Case Name: PARISH v. HOLLAND (HOLLAND, Intervener)
Court: Louisiana Supreme Court
Jurisdiction: Louisiana
Decision Date: 1928-03-12
Citations: 166 La. 24
Docket Number: No. 26922
Parties: PARISH v. HOLLAND (HOLLAND, Intervener).
Judges: 
Reporter: Louisiana Reports
Volume: 166
Pages: 23–27

Head Matter:
(116 So. 580)
No. 26922.
PARISH v. HOLLAND (HOLLAND, Intervener).
March 12, 1928.
Rehearing Denied April 9, 1928.
William W. McDonald, of Shreveport, for appellants.
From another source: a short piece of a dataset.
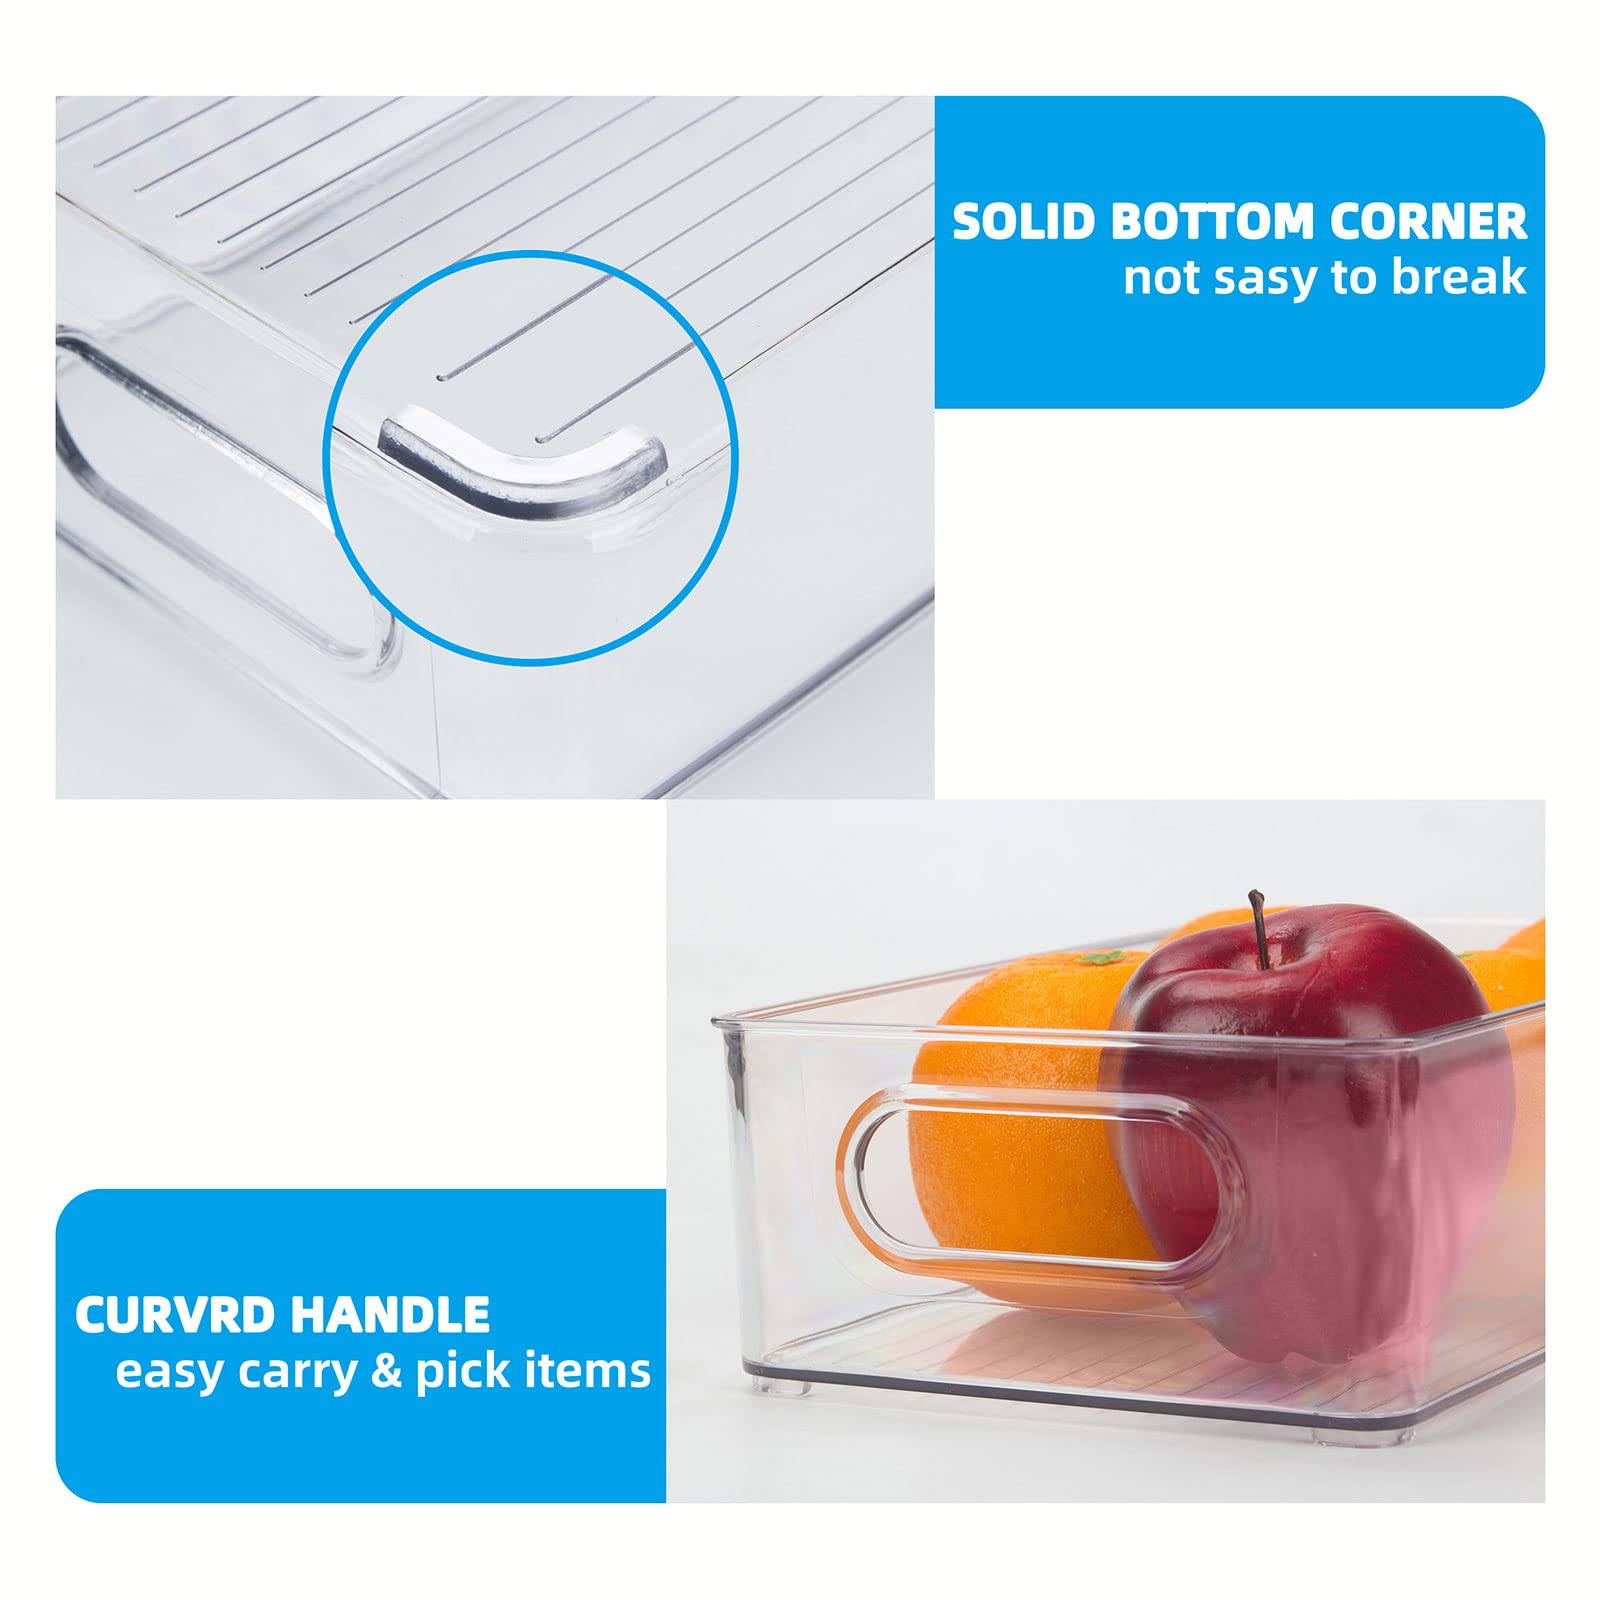 Eco Moda Set Of 6 Refrigerator Organizer Bins - 3 Sizes Stackable Plastic Clear Food Storage Bin

Thomas W. Robertson, of Shreveport, for Mrs. K. O. Holland, intervener appellee.

Opinion:
On Motion to Remand.
BRUNOT, J.
The record discloses that this case may, properly, be tried by a jury. It is a suit for an alleged interest in certain cotton, for the ownership and possession of certain live stock, and for a moneyed judgment against defendant for alleged services rendered to him by the plaintiff, under a contract of hire. The defendant did not answer the suit, but, after the petition of intervention was filed, he and the plaintiff filed a joint answer thereto. In this answer the defendant prayed for a trial of the ca.se by a jury. The prayer for a jury was presented to the court about four months before the court entered an prder, in open court, directing that the case be tried by a jury. Upon the entry of this order, the defendant made the necessary deposit of $12, and otherwise complied with the statute by furnishing the required bond for jury costs. Some time after this was done, but on the same day, on the motion of the intervener, and over the objection of both plaintiff and defendant, the court rescinded its order for a jury trial, immediately called the case for trial, heard the witnesses for the intervener and such witnesses for plaintiff and defendant as were present or. could be found and brought into court at the moment, and, forthwith, rendered judgment in favor of the intervener and against the plaintiff and defendant, in solido, for $775, with legal interest thereon from judicial demand and for the costs of the suit.
From this judgment the plaintiff and defendant suspensively appealed, and they have filed a joint motion in this court, in which they pray that the case be remanded to the district court to be regularly assigned and tried by a jury.
It is alleged in the motion that movers had no reason to anticipate a revocation by the court of its order for a trial of the case by a jury, and therefore made no effort to secure the presence of the witnesses upon whom they relied to establish the allegations of their pleadings, and, by the court's unexpectedly vacating its order for a jury trial and immediately calling the case for trial before the judge, they were forced to trial without their witnesses and without any fault or laches on their part, with respect to said witnesses.
We are not now concerned, in any sense, with the merits or equities of the case, but only with the right of movers to have their case tried by a jury and with the procedure in the lower court which deprived them of that right.
Articles 494 and 495, O. P., provide that the plaintiff or defendant, to avail himself of the privilege, must pray for a jury before the case is set down for trial. When this is done, in a case that may be tried by a jury, and the required cash deposit is made and bond for jury costs is filed, the right to a trial by jury is absolute. In such cases it has been held that a trial by jury cannot be refused, even when the application is made for the purpose of delay. Reynold's Curator v. Mahle, 12 La. 425; Frellson v. McDonald & Coon, 15 La. Ann. 536.
An intervener's rights are limited to the protection of his own interest. He must take the suit as he finds it. He cannot complain of the mode of procedure or object to the jurisdiction of the court or retard the principal suit. The reason why his rights are so limited is because he always has his remedy by a separate action to vindicate them. Code of Practice, arts. 391, 392; Cahn v. Ford, 42 La. Ann. 965, 8 So. 477.
We think the trial judge' erred in setting aside his order for a trial of the case by a jury, on the motion of the intervener and over the objection of both the plaintiff and defendant, and by so doing the defendant was deprived of an absolute right, and was prejudiced thereby to the extent of requiring this court to set aside the judgment rendered in this cause and to remand the case.
It is therefore decreed that the judgment appealed from be avoided, and that this case be remanded to the lower court tó be tried according to law and the views herein expressed, and that the costs in this court be paid by intervener, all other costs to await the final determination of the suit.